Dataset entries:

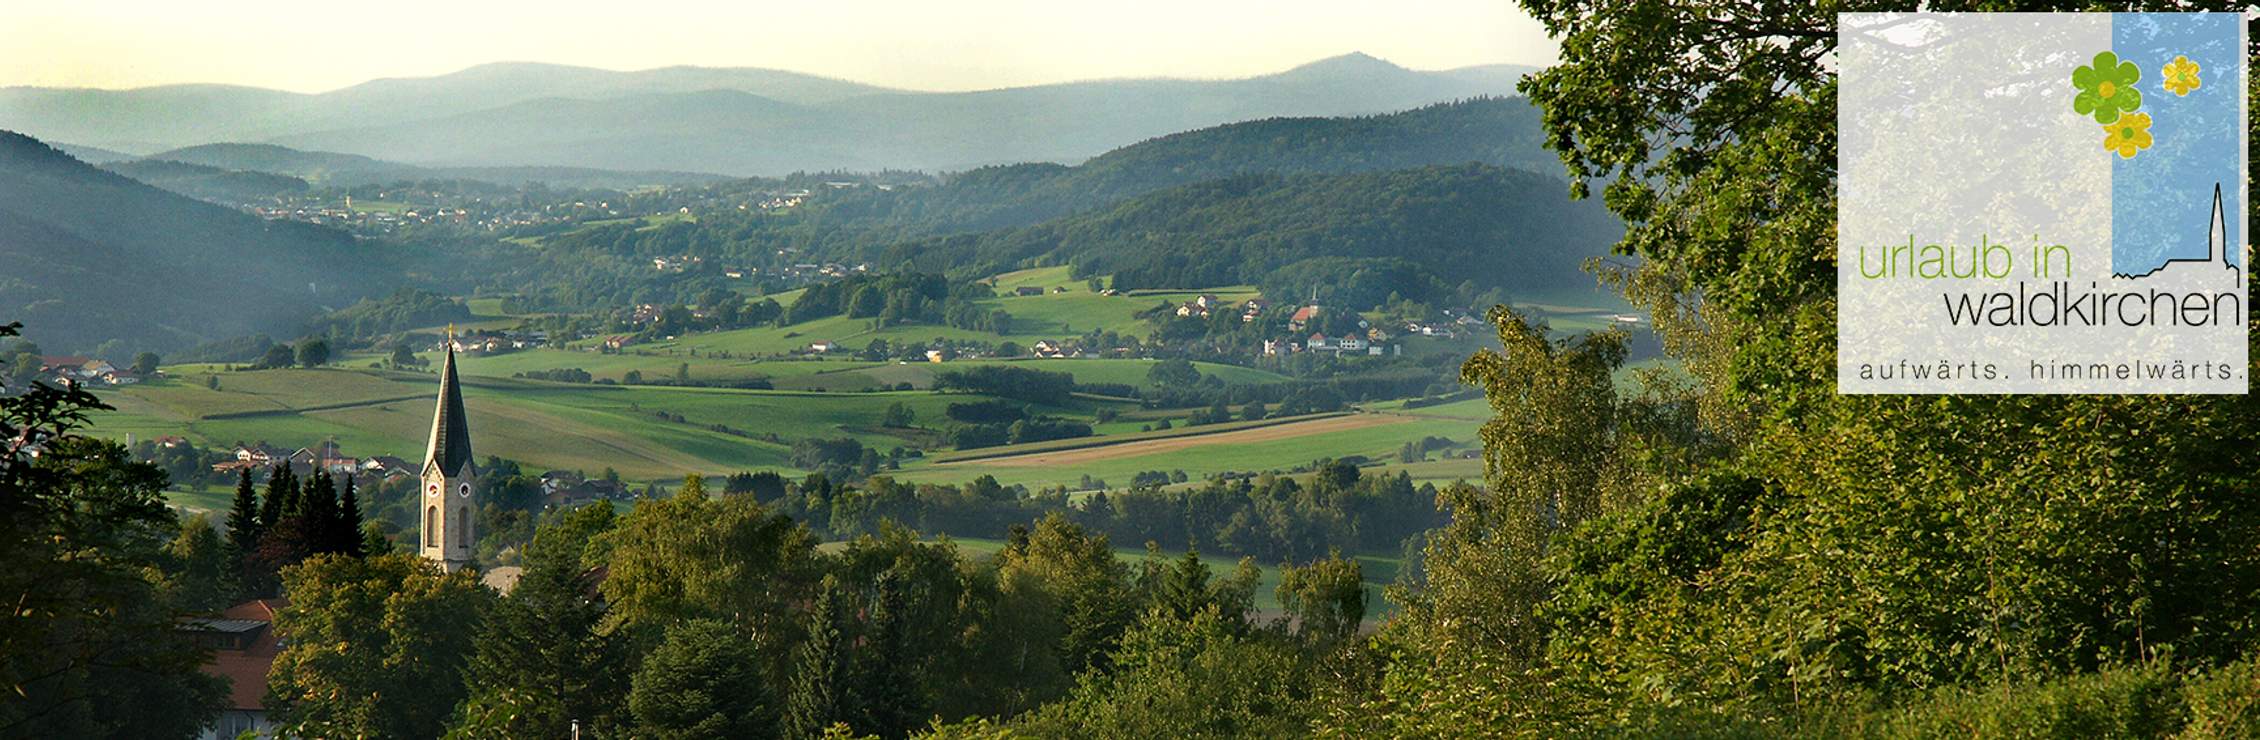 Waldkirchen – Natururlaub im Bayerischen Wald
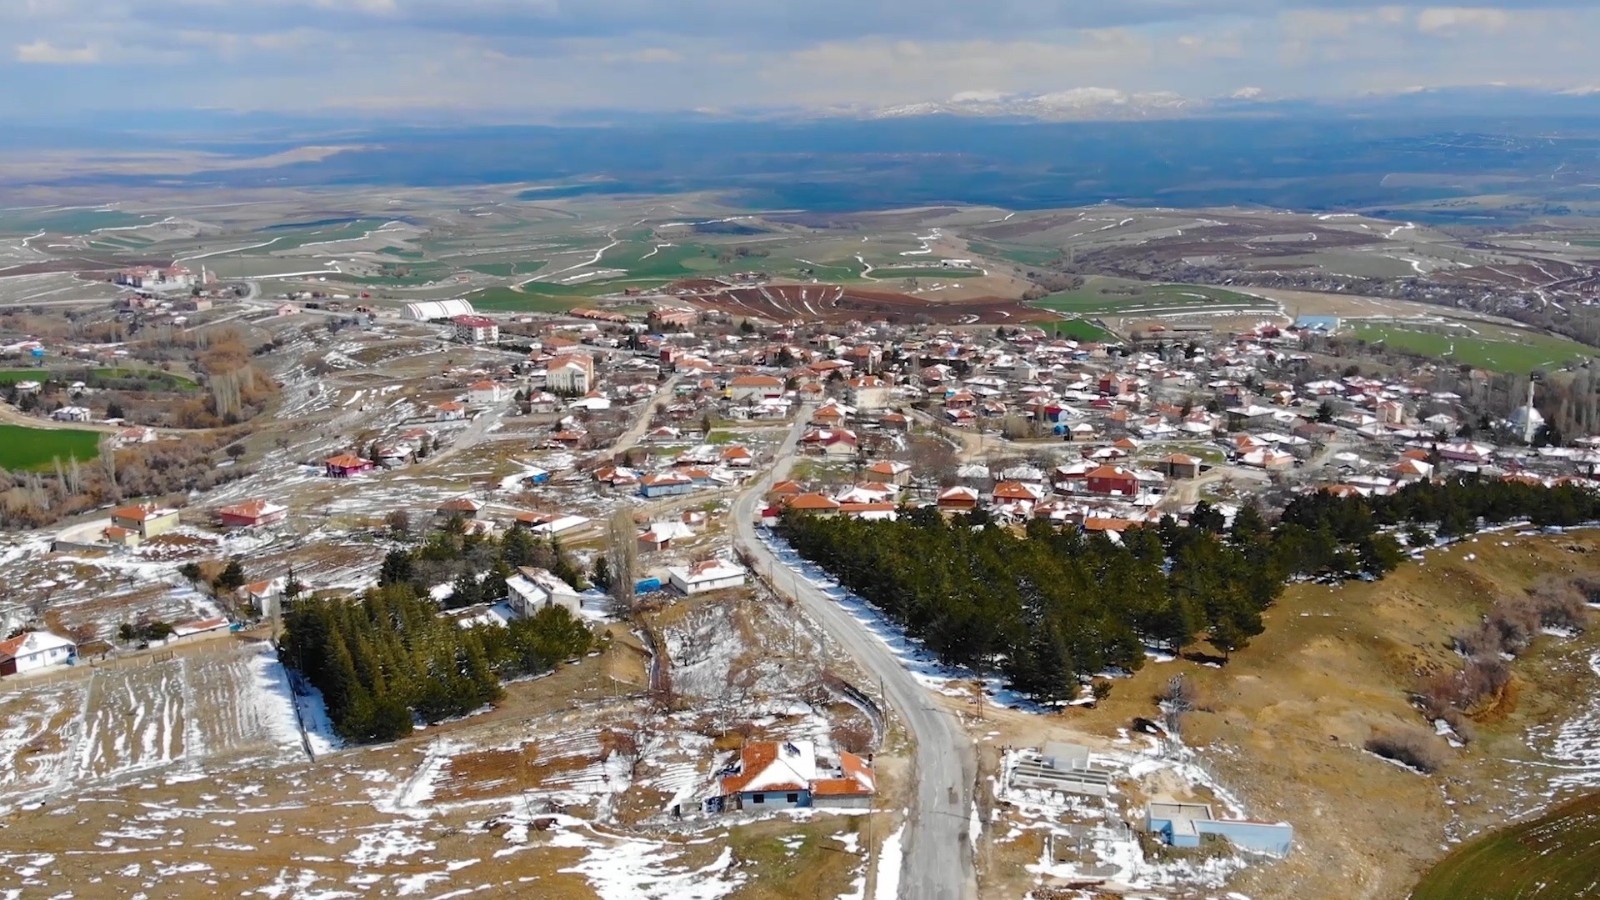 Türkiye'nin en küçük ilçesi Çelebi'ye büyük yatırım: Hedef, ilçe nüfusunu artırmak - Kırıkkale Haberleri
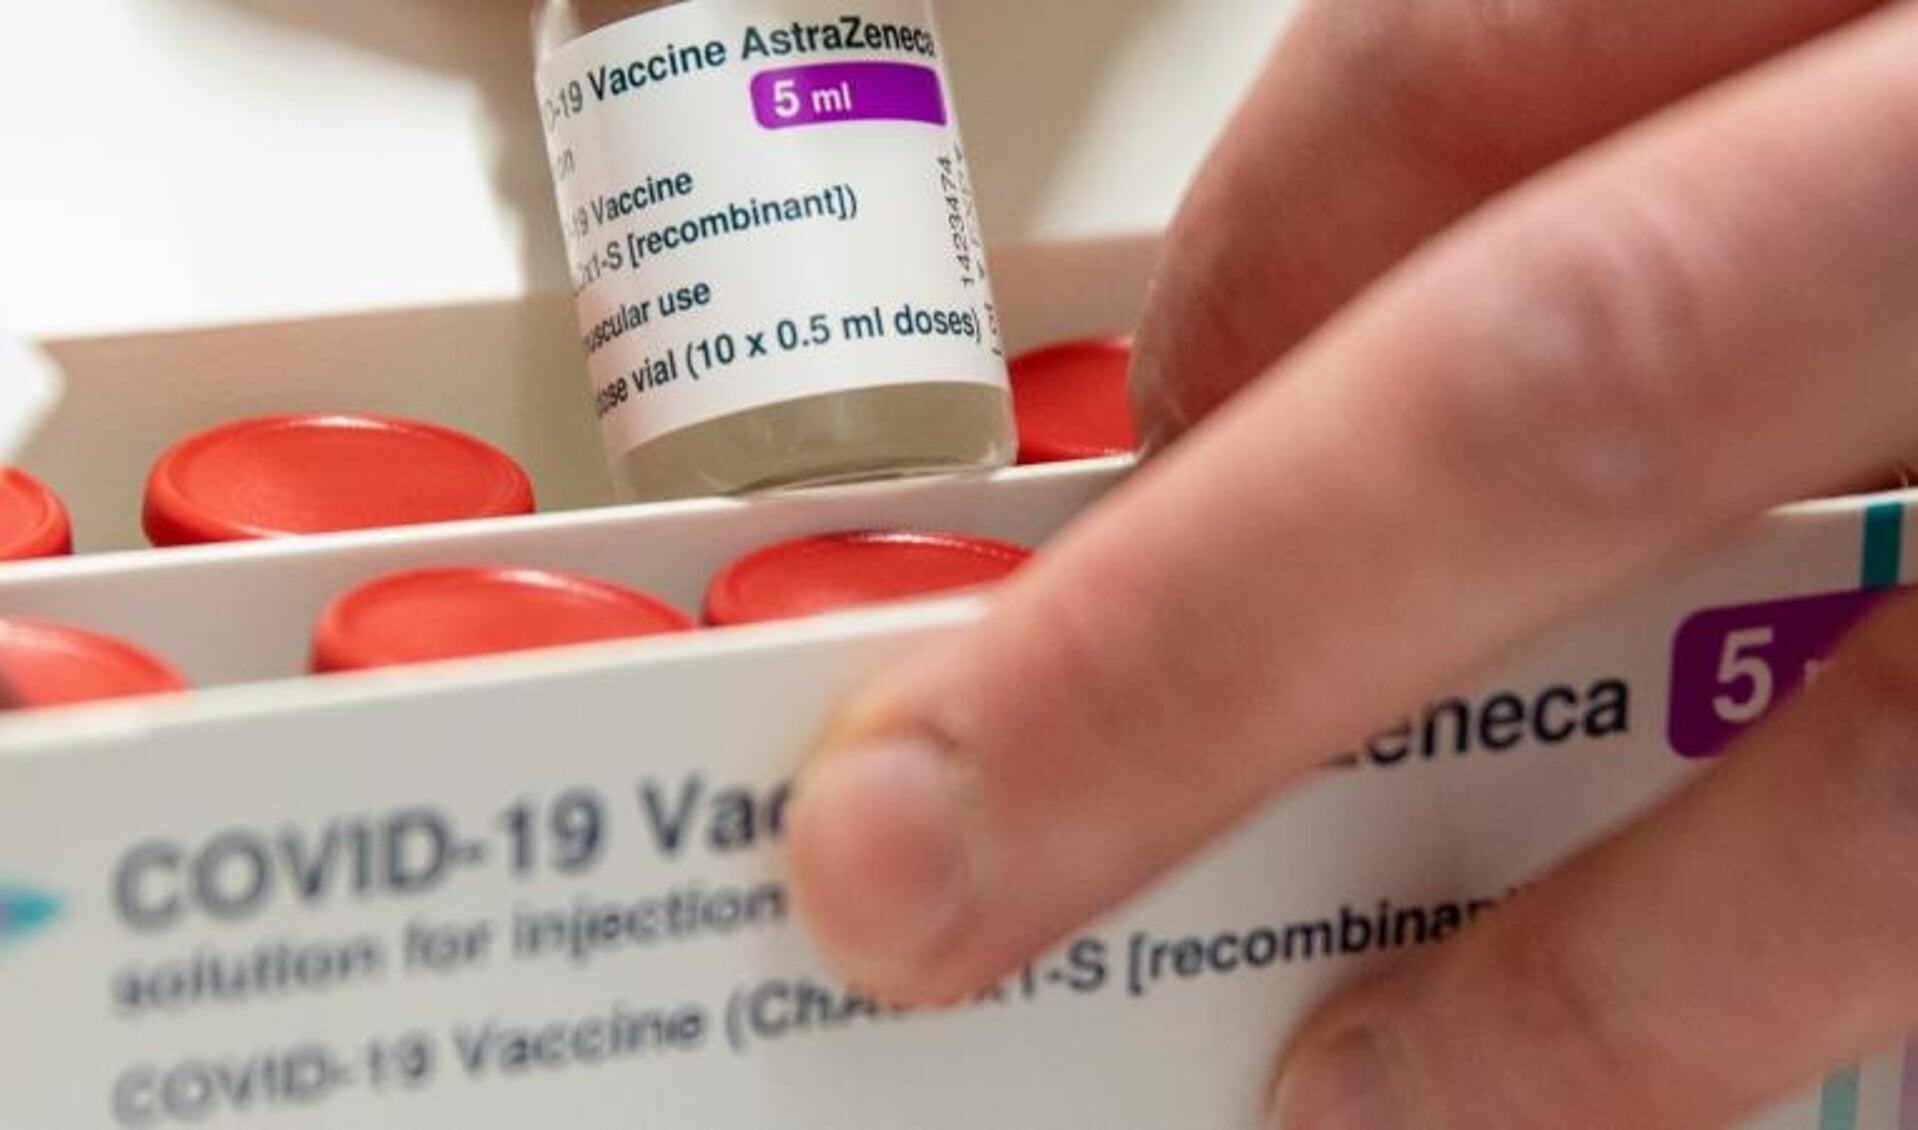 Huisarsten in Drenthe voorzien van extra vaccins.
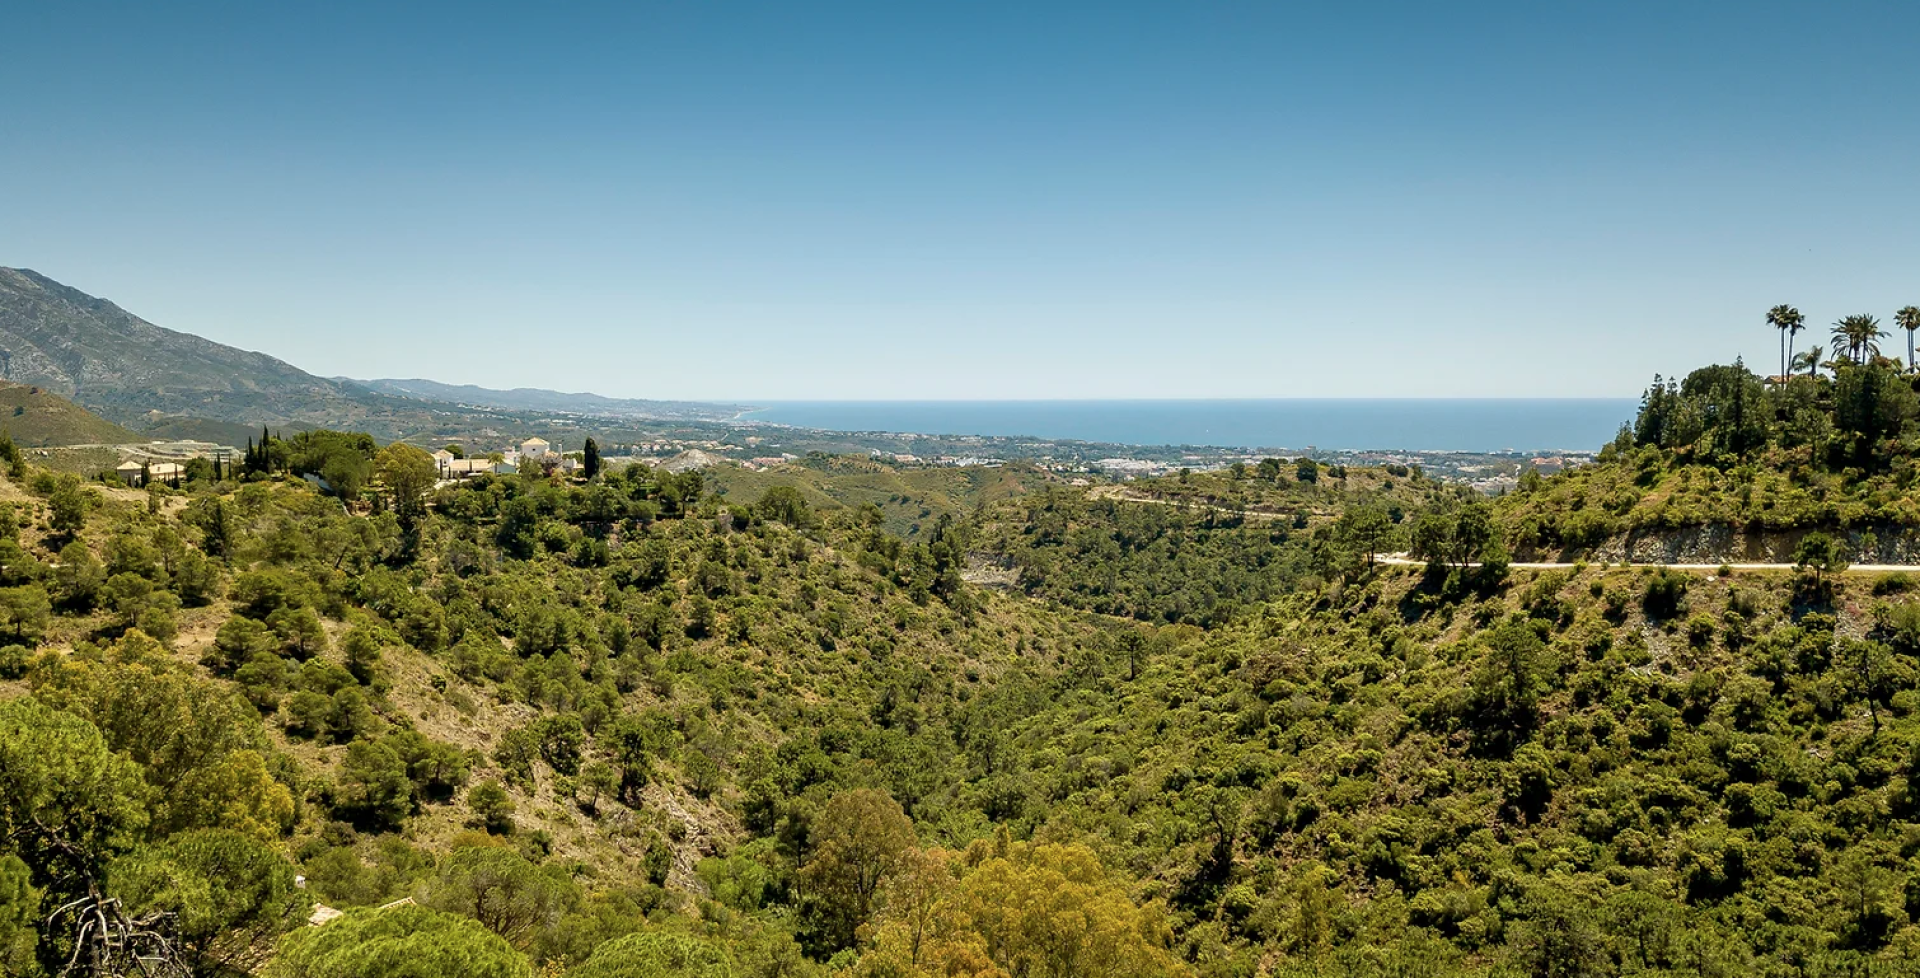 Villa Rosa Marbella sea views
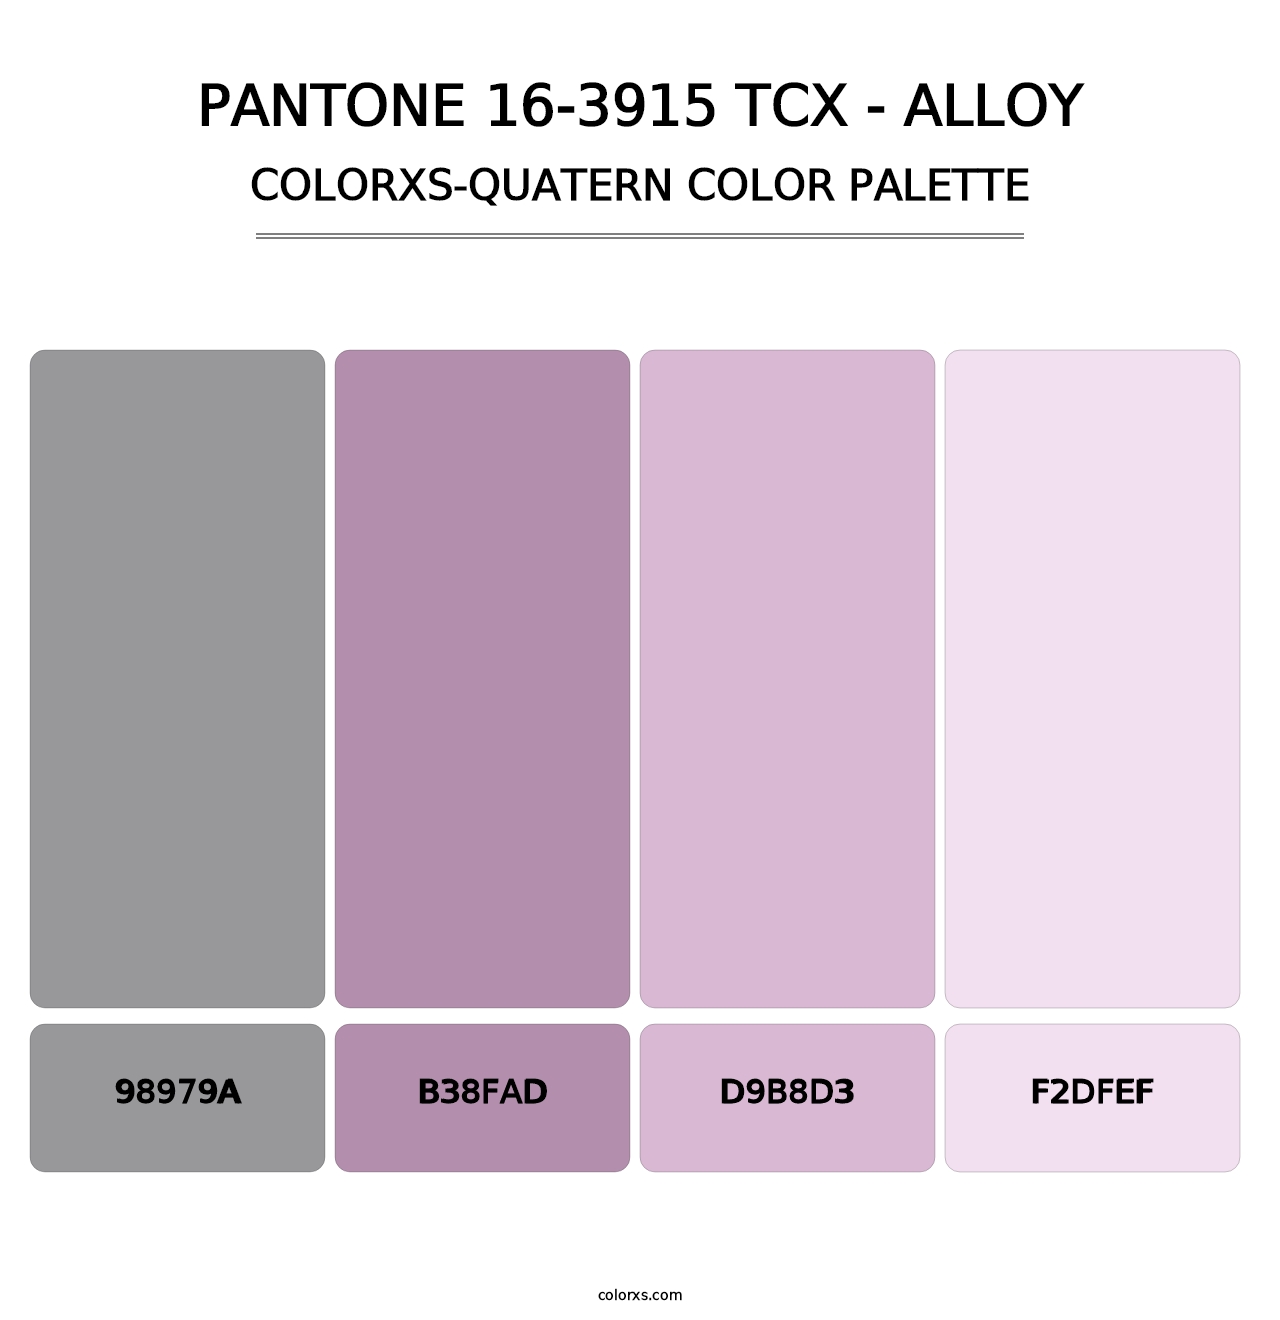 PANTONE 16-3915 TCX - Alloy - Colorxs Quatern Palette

## What you should do
Since the pictures are not wanted, set down only the rest of each record, exactly as above.

## Exercise answer
 Waldkirchen – Natururlaub im Bayerischen Wald
 Türkiye'nin en küçük ilçesi Çelebi'ye büyük yatırım: Hedef, ilçe nüfusunu artırmak - Kırıkkale Haberleri
 Huisarsten in Drenthe voorzien van extra vaccins.
 Villa Rosa Marbella sea views
 PANTONE 16-3915 TCX - Alloy - Colorxs Quatern Palette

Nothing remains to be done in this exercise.